Christians did not agree about slavery. United Methodists just celebrated 50 years of ordaining women, but you only have to go across the street to find Christians who swear it should never happen. And when the Anabaptists in Switzerland decided to baptize by immersion, “On November 19, 1526, the Council of Zurich confirmed the edict of March 7, that Anabaptism should be punished by drowning, and that the man should be delivered to the executioner, who should bind his hands, place him in a boat and throw him bound into the water, there to die. (Fusslin, Beytrage, I., s. 271. Engli, Actensammlung, 5 14, Nr. 107). Mantz, who had become an immersionist, received this sentence January 5, 1527.”
So the usual practice of the church through the ages has been to divide into two sides. Nicodemus recognizes this and come to Jesus in the darkness of night to ask more. Friends, do you realize that one of the most familiar texts of the Bible now, John 3:16, For God so loved the world – was first pronounced at midnight in secret because someone was willing to be curious?
A professor spoke the other day at Annual Conference.
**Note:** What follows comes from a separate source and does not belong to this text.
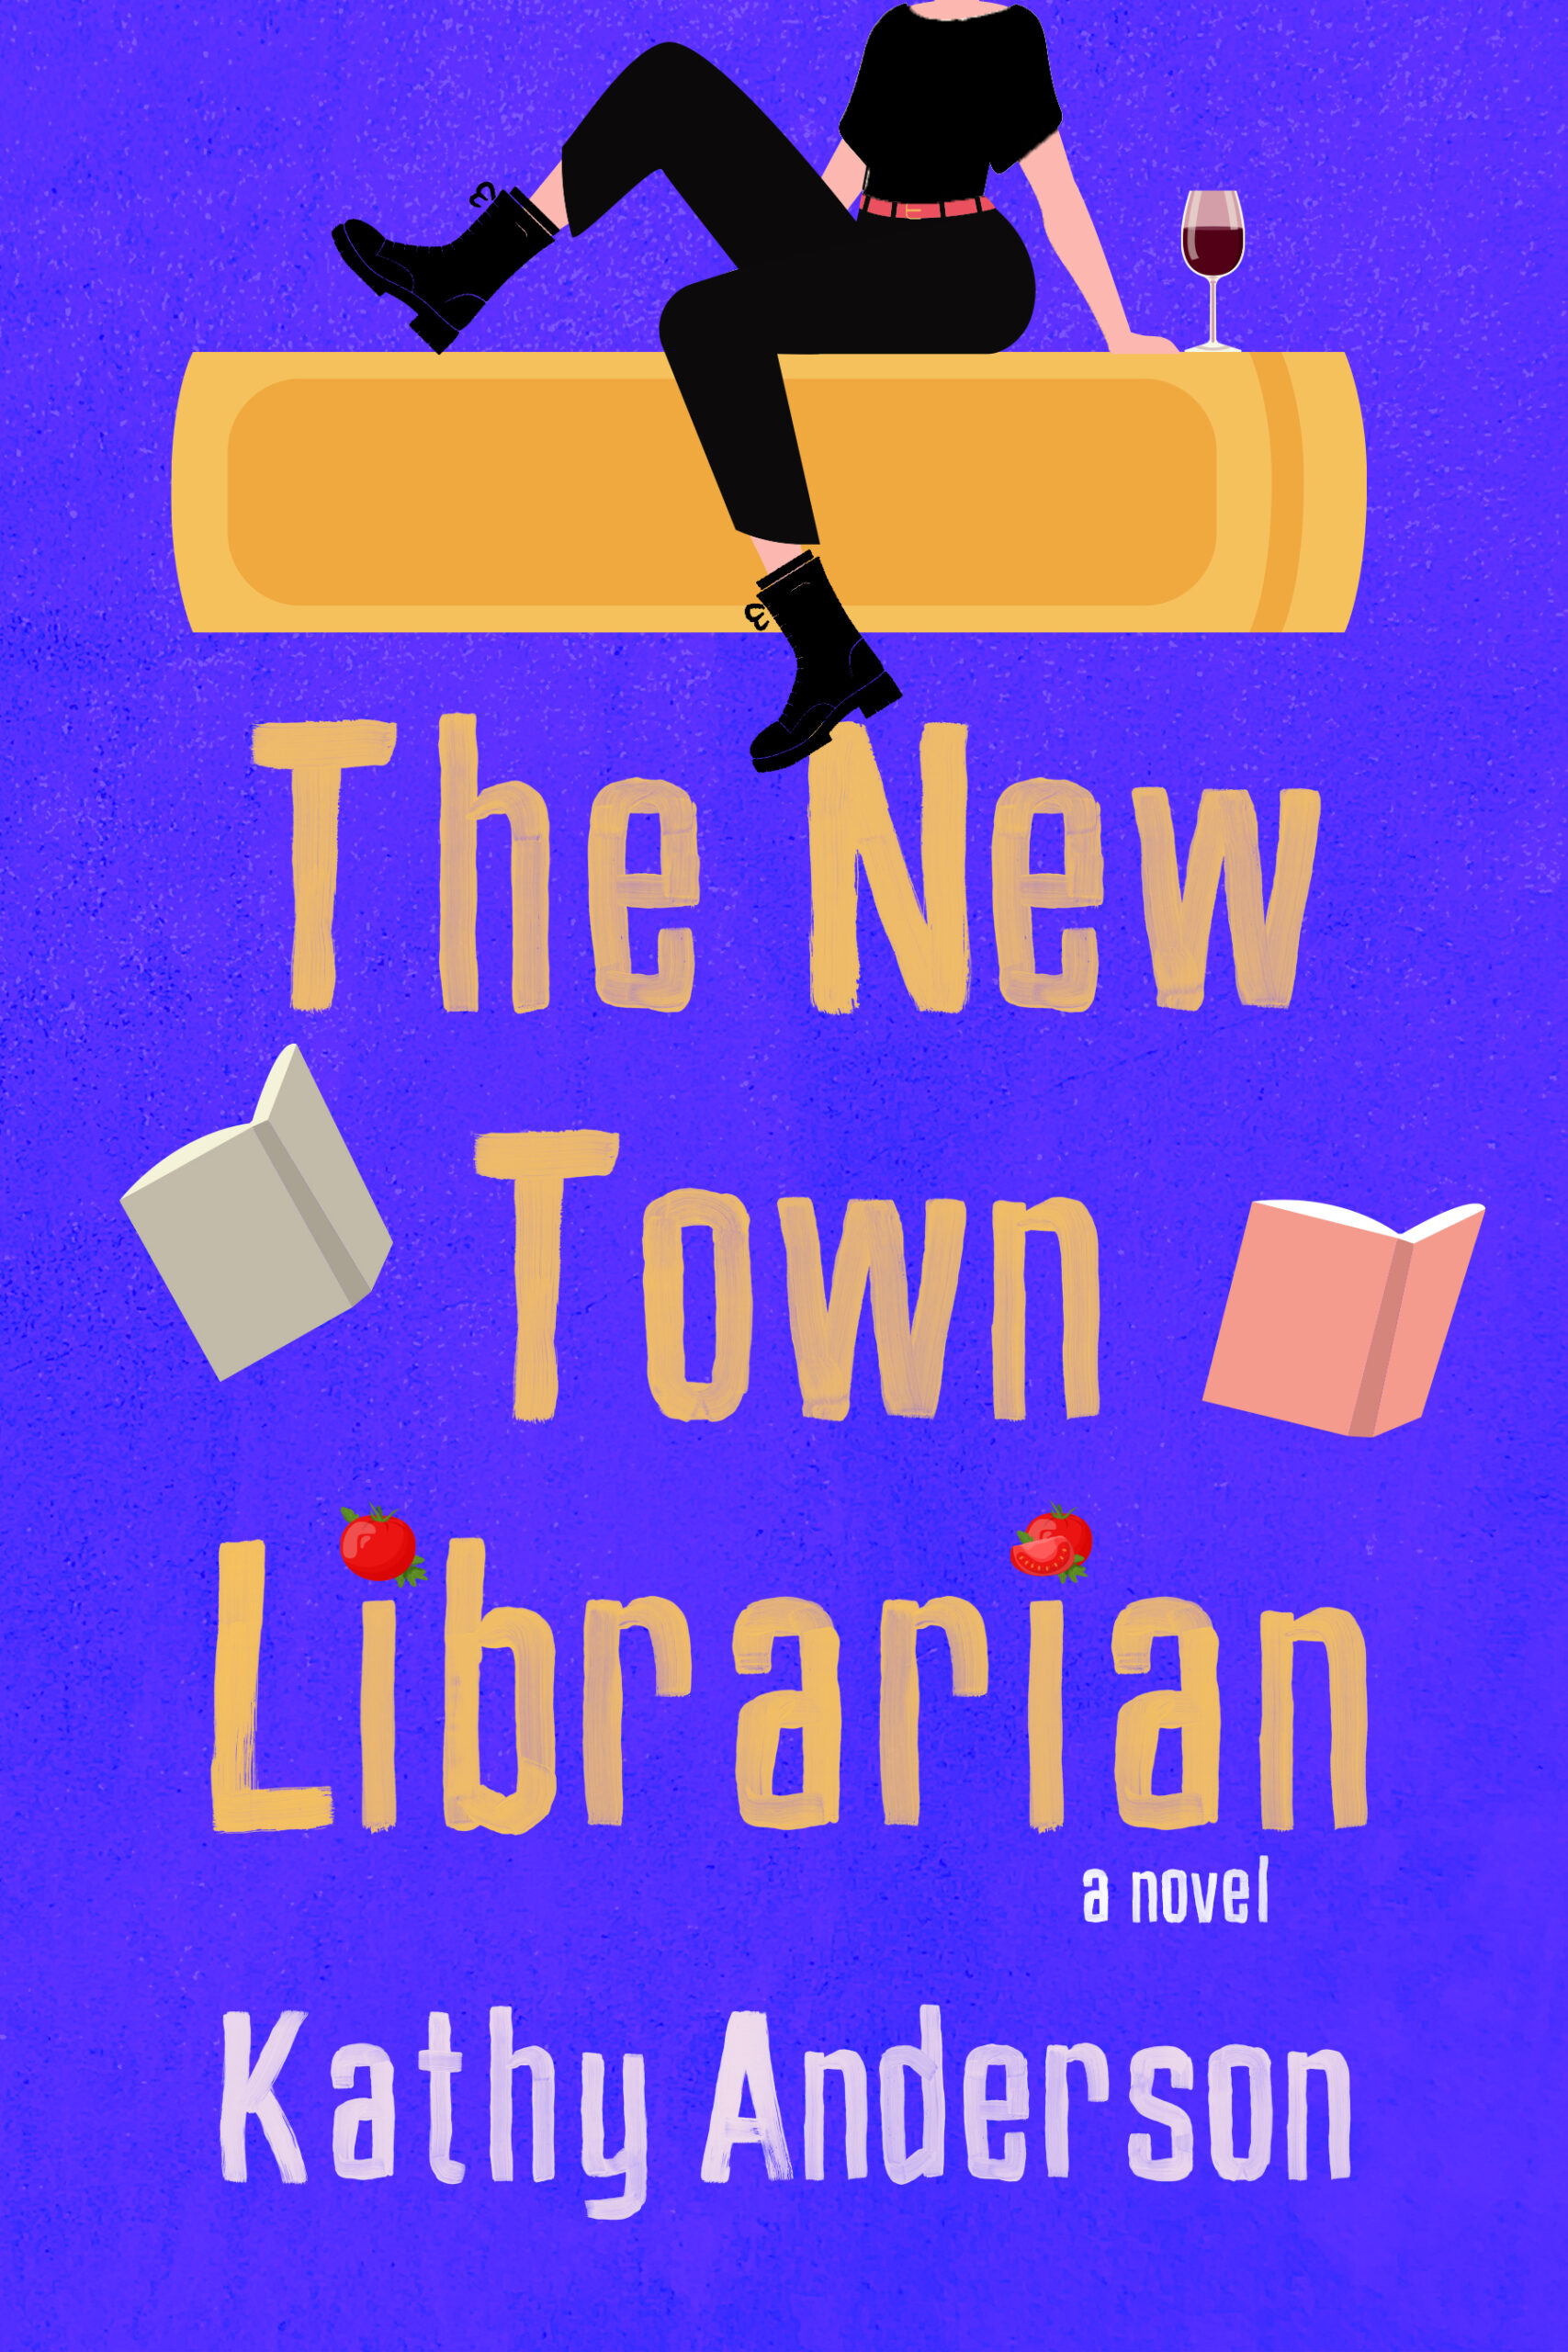 The New Town Librarian  by Kathy Anderson

She said, I read the Bible because I want to know more about who Jesus is and how to be like Him. I do not read the Bible to find one liners that I can throw at others.
I worked for a while on her comments because as I hope I have demonstrated in my 11 years at Jackson Heights, I have a high view of the Scriptures as our guide to faith and life. Dr. West was commenting on her view that marriage in the Bible is a complex institution and we choose the one liners we like. Her illustration was that the most famous text about marriage right now is Matthew 19:5, ‘a man shall leave his father … ‘ but she continues to read the passage to show that the meaning of that scripture is a rule against divorce and remarriage.
There are very few rules in the Bible that we apply without exception. I spoke in favor of Impeachment of the President. One of my supporting Scriptures was from the 10 commandments. Thou shall not kill. I quoted it because I do not observe in Mr. Bush’s comments any apology about the death of 100,000 people in Iraq with pictures of children and non combatants killed or wounded. After I sat down, I also realized that I do not apply ‘Thou shall not kill’ without exception. If the nation were attacked, I am not a pacifist.
So it seems like there are two ways to approach the Bible, both are needed. One is with curiosity, not understanding why Scripture might lead us in a certain way. Nicodemus was troubled and puzzled and went to hear more. And then there are principles to follow. But we have to be careful to only choose principles which the whole Bible supports. I hope that my own preaching among you shows a range of Biblical support for the ideas that I apply to daily life.
And the prize of Nicodemus curiosity? He sees life in a new way after that secret encounter with Christ. He defends Jesus later before the Sanhedrin and is one who helps to arrange for the burial of Christ. He was indeed worthy to be the first to hear John 3 16 "For God so loved the world that he gave his one and only Son, that whoever believes in him shall not perish but have eternal life.